In considering the truth of this remark, first note that teleological questions are certainly far more useful than mechanistic questions as an avenue to biological knowledge, which is the aim of the zoological sciences, such as botany, ornithology, molecular biology, genetics, and so on: in short, of all the sciences of life-forms. They are also more useful in the applied or practical branches of zoological science, including all the branches of medicine. Since it seems quite possible that the cumulative expense and effort devoted to such sciences hugely outweighs that devoted to all other scientific endeavor collectively, the sentence in question, which summarizes the attitude of the Democritus article as a whole, seems manifestly and almost absurdly false.

Moreover, it is not clear that "mechanistic" questions are a superior avenue to truth even in the sciences of non-living substances, such as physics or astronomy. Is it not correct to explain the flow of electrons in an electric current toward the positive pole as a "tendency" or "drive," a "seeking," in other words, of that pole? Each and every natural substance, in fact, is inhabited by a "force," or by more than one force, that constitutes its "nature," which in Aristotelian terminology is also its "form." It is in accordance with its nature or form that an electron seeks the positive pole, and this seeking is teleological.

Strictly perhaps we should consider the elements rather than sub-atomic particles as substances, and even the elements are surpassed in substantiality by life-forms, which are Aristotle's favorite example of substances. The very possession of determinate attributes by an elements constitues a nature that endows it with a tendency -- that is, a "drive," or "tendency" -- to engage in determinate actions. In isolation, both pure oxygen and pure hydrogen, for example, have a tendency to explode, given an ignition source. When the Challenger spacecraft exploded, for example, investigators noted that an oxygen tank seemed to be leaking; in view of the tendency of pure oxygen to explode, this was deemed a likely candidate for investigation as the cause of the explosion. Moreover, hydrogen and oxygen tend to unite to form water molecules. Such combinations of elements, such as water, also have a "nature" or "tendency": water tends to flow flow downward, to freeze and boil at particular temperatures, and so forth.

It ought to be evident, then, that what the author of the Democritus articles calls "mechanistic questions" -- the "efficient cause," in Aristotelian parlance -- are by no means the sole, nor perhaps even our primary, avenue to scientific knowledge. A grasp of one or more of the other three causes -- material, formal and final (that is, the "tendential" or "teological") -- is often just as enlightening.

comments on teleology[edit]

It is probably true that most modern scientists, if asked whether teleological explanation is useful, would probably answer that it is not; and would then continue to use it profusely in discussion of the biological sciences especially, as well as in the sciences of non-living things.
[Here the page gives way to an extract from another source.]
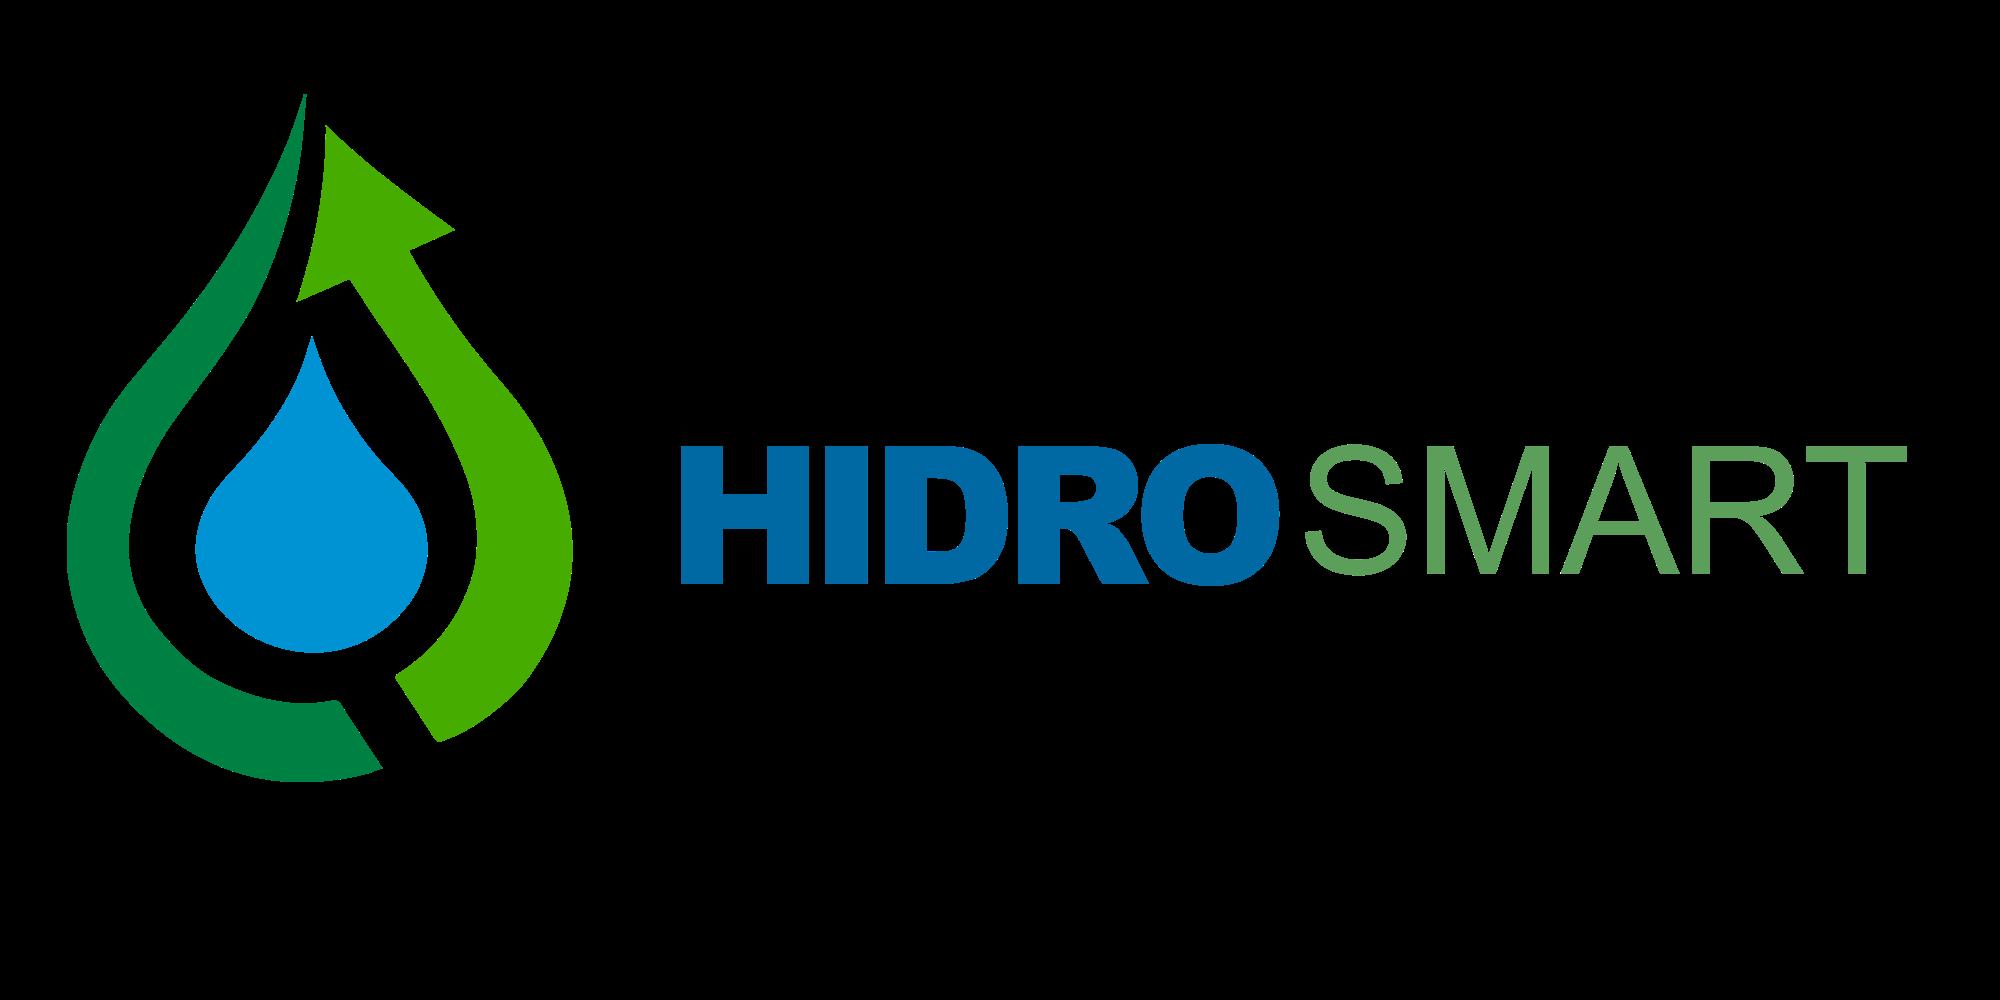 Hidrosmart

Remember that "modern scientists" are for the most part students of the various empirical natural sciences, not students of the philosophy of science itself. As for the account of teleology offered in the contribution entitled "comments on teleology in the Democritus article," it does not of course purport to represent the understanding of teleology common among such modern empirical scientists, precisely because that understanding is in error. It represents Aristotle's understanding of what is called the "final cause," which almost no modern empirical scientists knows, because they don't read Aristotle, whose texts are frequently difficult and which all lack the rhetorical flourishes to which modern readers are accustomed. Properly understood in its fullness, Aristotle's account of the final cause really places it in the nature of every substance insofar as it possesses what we call "forces" endowing it with a proclivity to behave in a determinate way with respect to other substances or even with itself as it develops through time. Hence even subatomic particles have a "tendency" to "strive" in one way or another with respect to other subatomic particles; the example of the electron "striving" to join a proton was offered. When explaining the proclivity of atoms to join with other atoms in forming molecules, it is difficult, if not impossible, to avoid mention of this urge or striving of protons. Again, however, why not examine a particular account of a living being, noticing how often it offers the "reason" the lifeform behaves in a particular way; and try to imagine such an account without such explanations of the "why" of animal behavior. Beyond this point, the reader is urged to seek enlightenment in Aristotle's *Physics* and *Metaphysics,* though it will be a long task, for Aristotle's discussions are of a type that moderns are accustomed to call "philosophy," and a comparatively difficult philosophy at that. Gharnett (talk) 20:47, 28 June 2009 (UTC)[reply]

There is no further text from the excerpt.